For a moment two of my three sisters-in-law stood there in the courtyard with the guard at the gate on Christmas afternoon and buried their faces in each other’s shoulders and stroked each other’s hair. Only their silence suggested their tears. They were little sisters crying.
Elena rubbed at a drop of champagne on her magenta crepe de chine pajamas.
Antonio drummed his nails on the table.
“It might be better if you left,” Victor said to Antonio.
“Maybe I’ll go get your norteamericana to sit on my face,” Antonio said to Victor.
Victor smoked his cigar and looked at me. “Feliz Navidad,” he said after a while.

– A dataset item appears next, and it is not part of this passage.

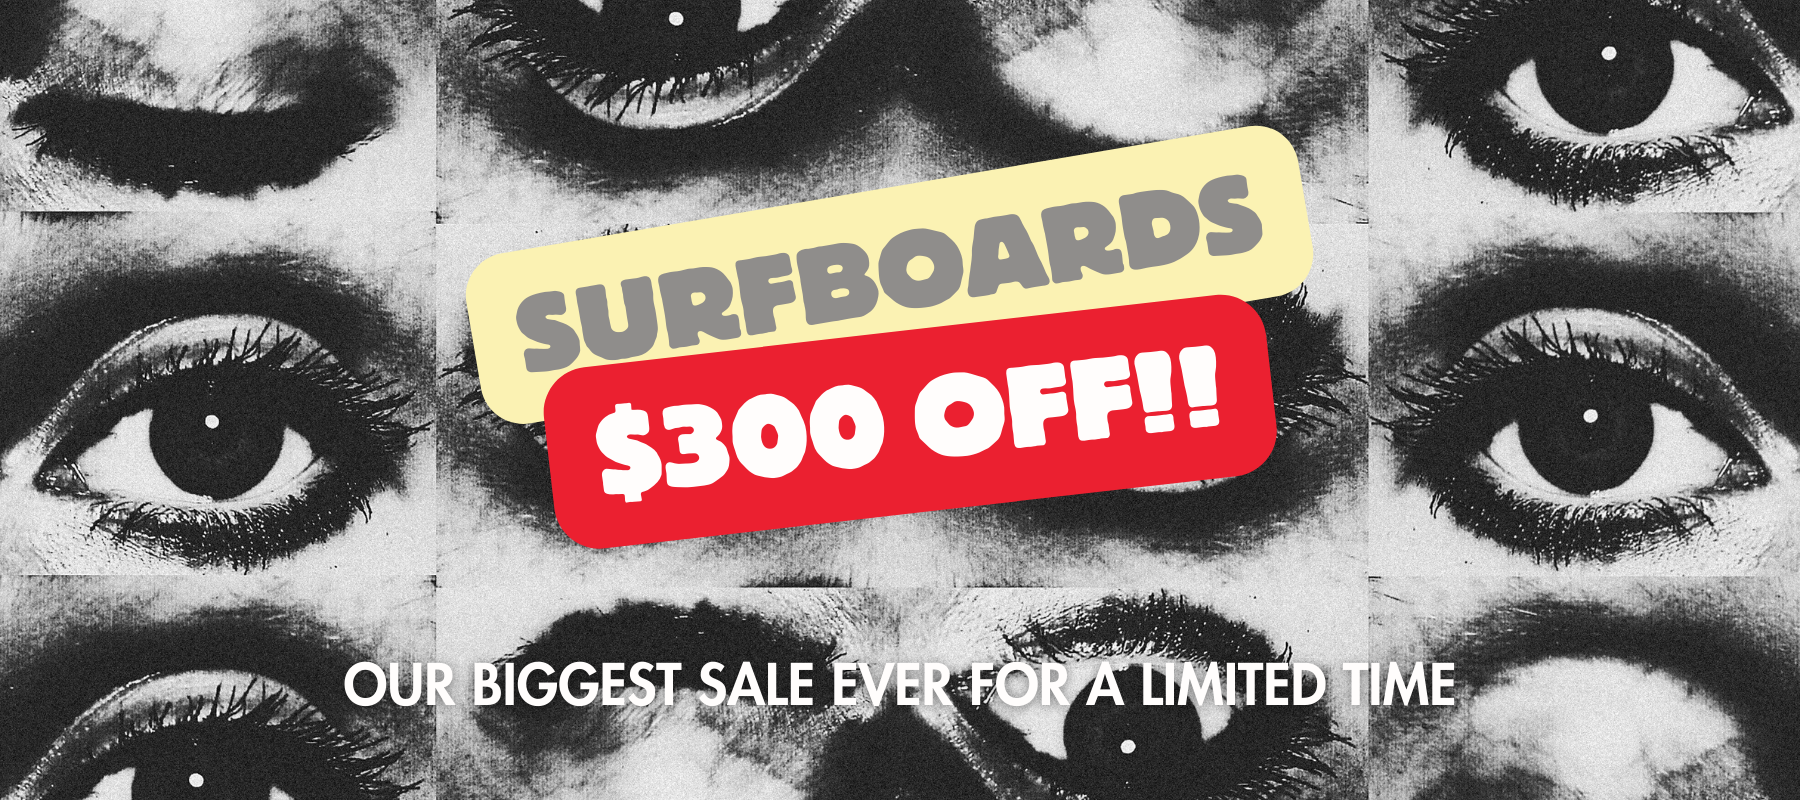 SHOWROOM SURFBOARDS ON SALE

Here is what Charlotte Douglas was said by Elena to have done with the twenty-four white roses Victor sent her on Christmas Eve: left them untouched in their box and laid the box in the hallway for the night maid.
9
“IT’S DEPRESSING TO BE SICK IN A HOTEL.”
“I don’t mind it.” She said it as a child might, and she said nothing more.
“At Christmas.”
“I didn’t mind.”
I tried again. “You’re at the mercy of the maids.”
“They’re very nice here.”
I watched Charlotte Douglas unwrap a cracker and fold the cellophane into a neat packet. She had insisted that we meet not at my house but at the Capilla del Mar, that I be her guest.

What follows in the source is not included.